The most recent case has been reported in a Delhi man with no history of foreign travel.



A man in Delhi, the nation’s capital, who has never left the country, has contracted monkeypox, marking the fourth case of the disease in India.

Local media have reported that the federal health ministry has requested the Delhi government investigate the 34-year-network old’s of connections.

The CDC has requested that all states engage in “close surveillance” of the virus.

The government has also provided advice on how to avoid contracting the illness.


The chief minister of Delhi, Arvind Kejriwal, has reported that the patient is stable and making progress in his recovery from the infection.

He then emphasized, “There is no need to panic.”

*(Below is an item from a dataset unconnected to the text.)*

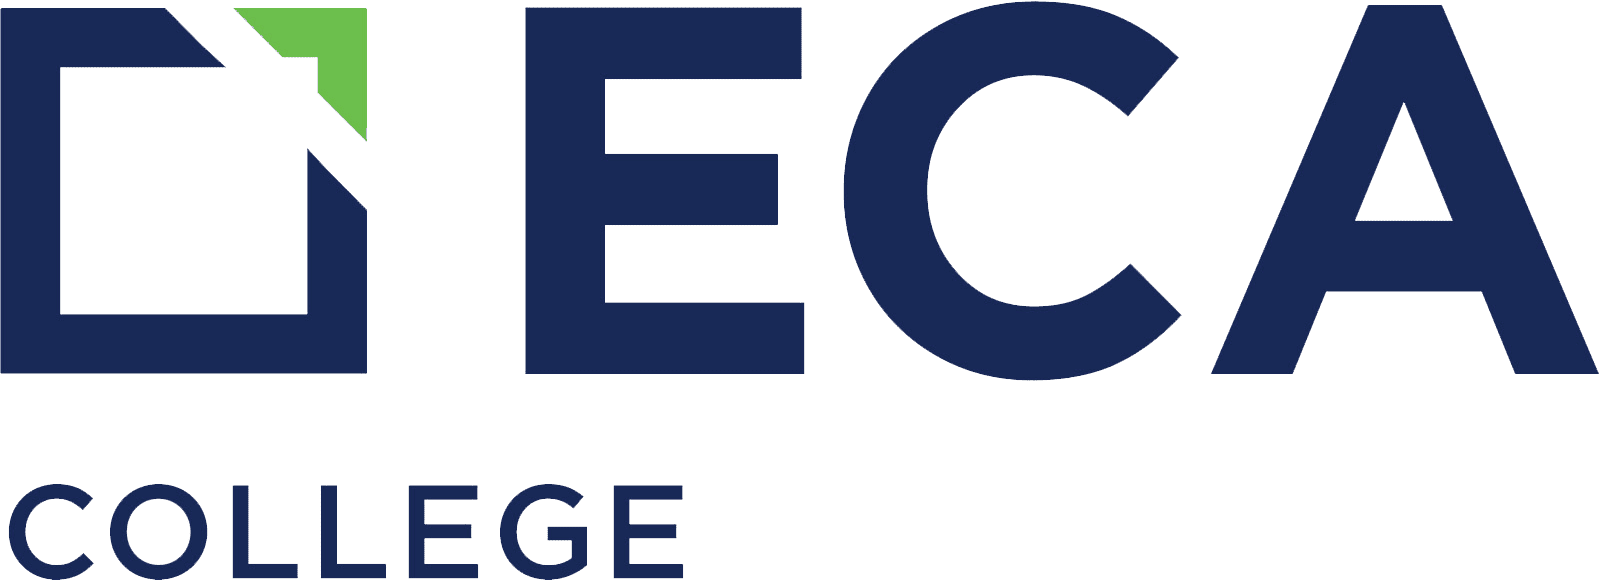 ECA College Transparent Logo

Kerala, in southern India, reported the country’s first three cases; all three patients had recently returned from the Gulf region and had been traveling through the state.

The outbreak of monkeypox has been deemed a worldwide health emergency by the World Health Organization (WHO).


World Health Organization chief Tedros Adhanom Ghebreyesus said that at this point, more than 16,000 cases have been reported from 75 countries.

According to the World Health Organization, “the risk of monkeypox is moderate globally and in all regions, except for the European region, where we assess the risk as high,” he said.

He also noted that five people had lost their lives due to the outbreak.

Experts say your risk of contracting monkeypox is low, but be aware that the virus it is caused by is related to the more dangerous smallpox virus.


Direct contact with an infected person is necessary for the virus to spread. It is possible for the virus to enter the body through cuts in the skin, the respiratory system, or the eyes, nose, or mouth.

Please describe the signs and symptoms of monkeypox.

Early signs include high body temperature, headaches, swellings, back pain, and muscle aches.

After the fever subsides, a rash may appear, typically starting on the face and moving to other areas of the body, including the palms and soles of the feet.


The rash, which may cause severe itching or pain, develops and goes through a series of stages before becoming a scab and eventually falling off. Damage to the skin from the lesions can result in scarring.

The duration of the infection is short, between 14 and 21 days, and it usually resolves itself without treatment.